I braccianti venivano quotidianamente trasportati sui luoghi di lavoro con veicoli intestati alla cooperativa gestita dai due caporali.

Durante l'operazione, oltre agli arresti, le forze dell'ordine hanno effettuato il sequestro preventivo di tre furgoni utilizzati per il trasporto dei lavoratori e di alcune abitazioni che risultavano in condizioni di estremo degrado.

Le testimonianze raccolte dai Carabinieri hanno evidenziato anche continui ricatti e intimidazioni: i lavoratori che chiedevano retribuzioni arretrate o che provavano a far valere i propri diritti venivano minacciati di licenziamento o di essere sfrattati dagli alloggi occupati.

Ai due arrestati, oltre all’intermediazione illecita ed allo sfruttamento lavorativo, vengono anche contestati i reati di favoreggiamento dell'immigrazione clandestina – previsto dall’articolo 12 del Testo Unico in materia di immigrazione e del 377 del codice penale, ossia il reato di "intralcio alla giustizia".

Uno dei due caporali, K.B. avrebbe minacciato i lavoratori sfruttati anche nei giorni immediatamente precedenti all'esame testimoniale che li avrebbe riguardati, nel caso avessero testimoniato contro di lui.

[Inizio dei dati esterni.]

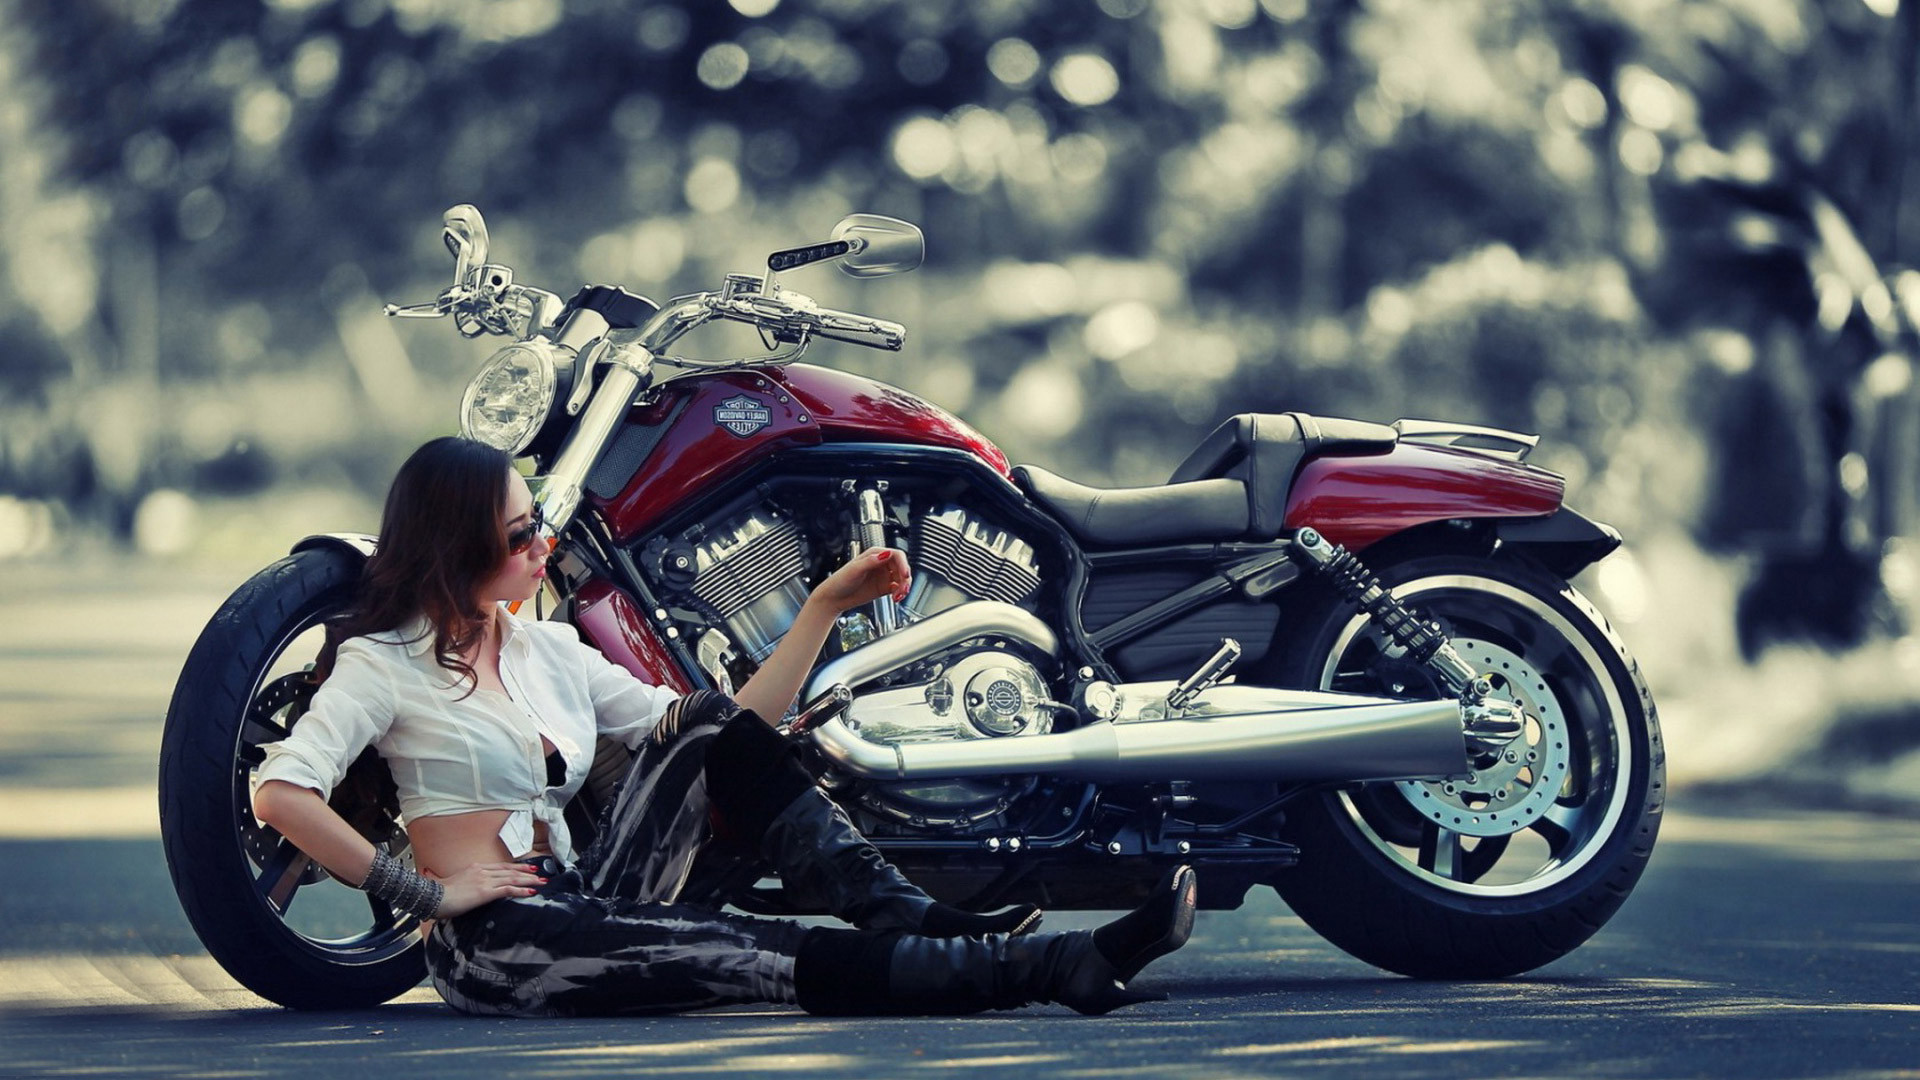 Harley Davidson Wallpapers Collection (33+)

L’indagine potrebbe riservare ulteriori novità, tanto in ordine all’ ingresso in Italia delle vittime della tratta, spesso arrivate con permessi di lavoro stagionali, quanto in relazione a complicità delle quali avrebbero goduto i due arrestati.

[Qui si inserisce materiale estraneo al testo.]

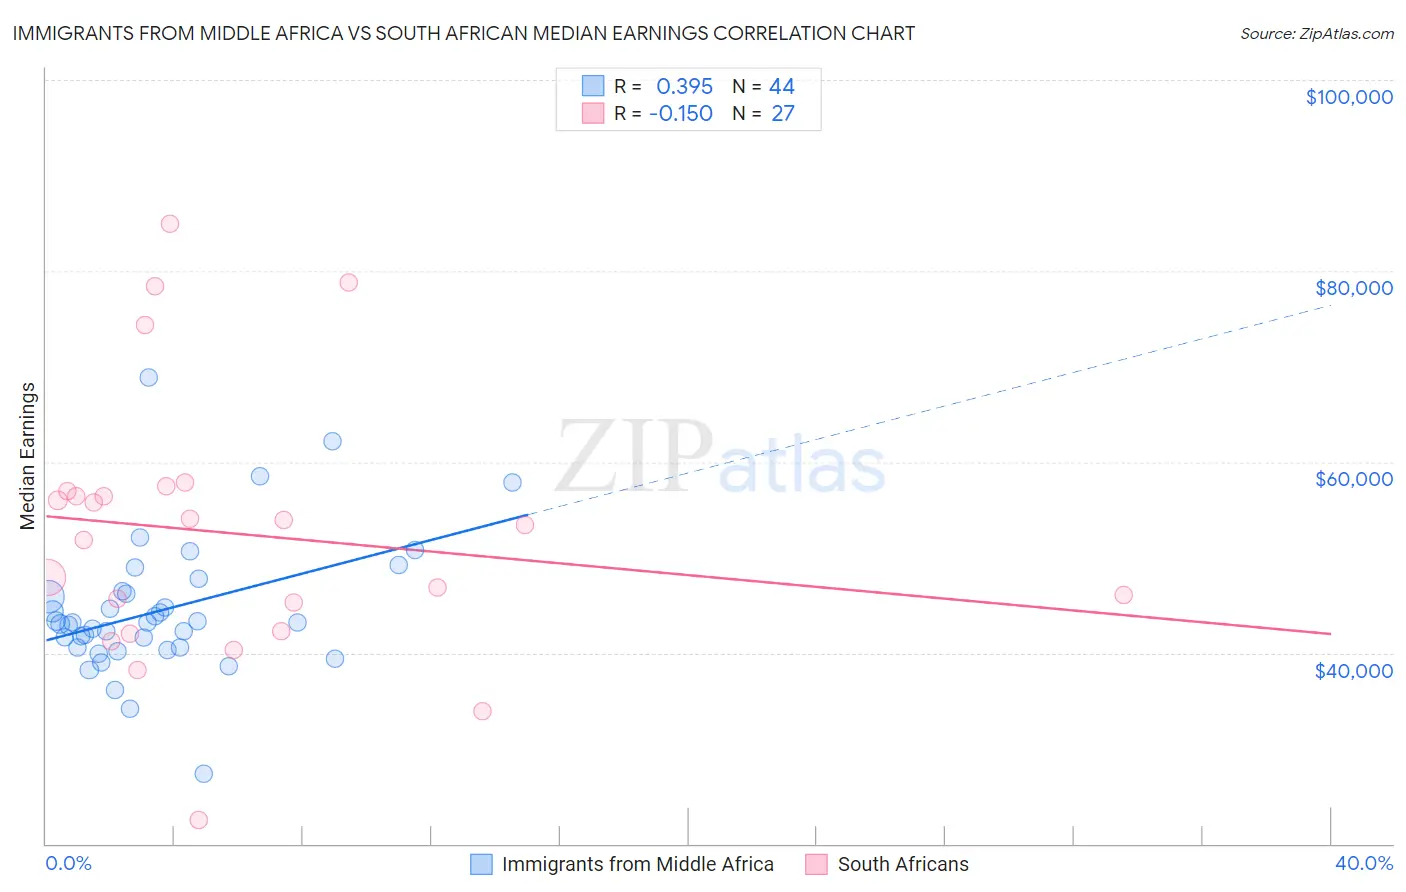 Immigrants from Middle Africa vs South African Median Earnings

Il ruolo degli imprenditori agricoli

Al di là di quelli che saranno gli esiti dell’inchiesta, c'è da domandarsi come sia stato possibile che imprenditori agricoli italiani, i cui prodotti rientrano anche nella cosiddetta filiera di qualità, abbiano potuto ricorrere a fantomatiche cooperative per avvalersi di braccianti agricoli; questo senza effettuare alcuna verifica preventiva in ordine alla cosiddetta idoneità tecnico professionale dei somministratori di manodopera.

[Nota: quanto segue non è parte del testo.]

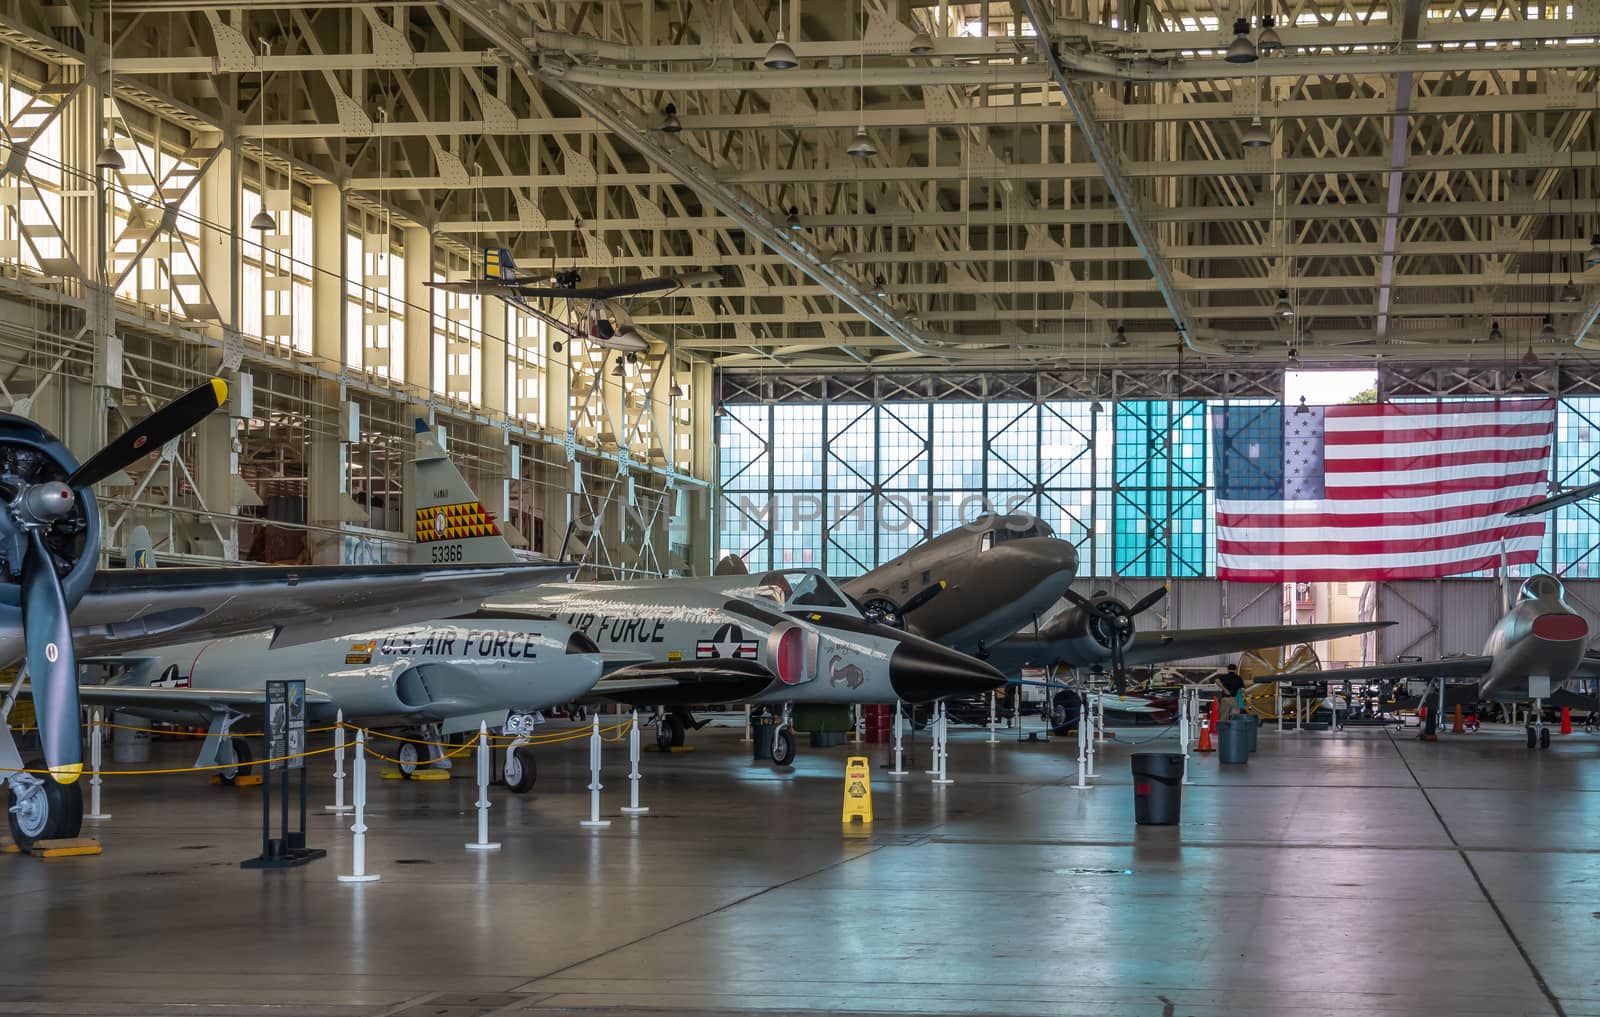 Oahu, Hawaii, USA. - January 10, 2020: Pearl Harbor Aviation Museum. Line of airplanes in hangar with large USA flag in back. Beige roof. Natural light through windows.

Certamente si dimostra ancora una volta che il caporalato non è una problematica riguardante solo le regioni del Sud Italia, ma rappresenta una realtà tristemente diffusa anche al Nord, in ogni ambito lavorativo: tessile, dell’arredamento, struttura di ricovero di anziani non autosufficienti, autotrasporto.

L’indagine fa emergere un’ulteriore problematica: quella relativa al fallimento dell’attuale regolamentazione dei flussi di ingresso di cittadini stranieri per esigenze lavorative. Come sia possibile che un imprenditore italiano possa assumere un lavoratore straniero senza averlo mai incontrato prima resta un enigma difficile da decifrare.

Ancora più difficile è comprendere perché prima di approvare nuovi flussi di ingresso il governo non si sia preoccupato di regolarizzare quanti già oggi continuano a vivere nel territorio italiano in condizione di clandestinità, pur lavorando. Un modo questo per favorire indirettamente il caporalato e la concorrenza sleale fra imprese, a scapito di quelle che leggi le rispettano.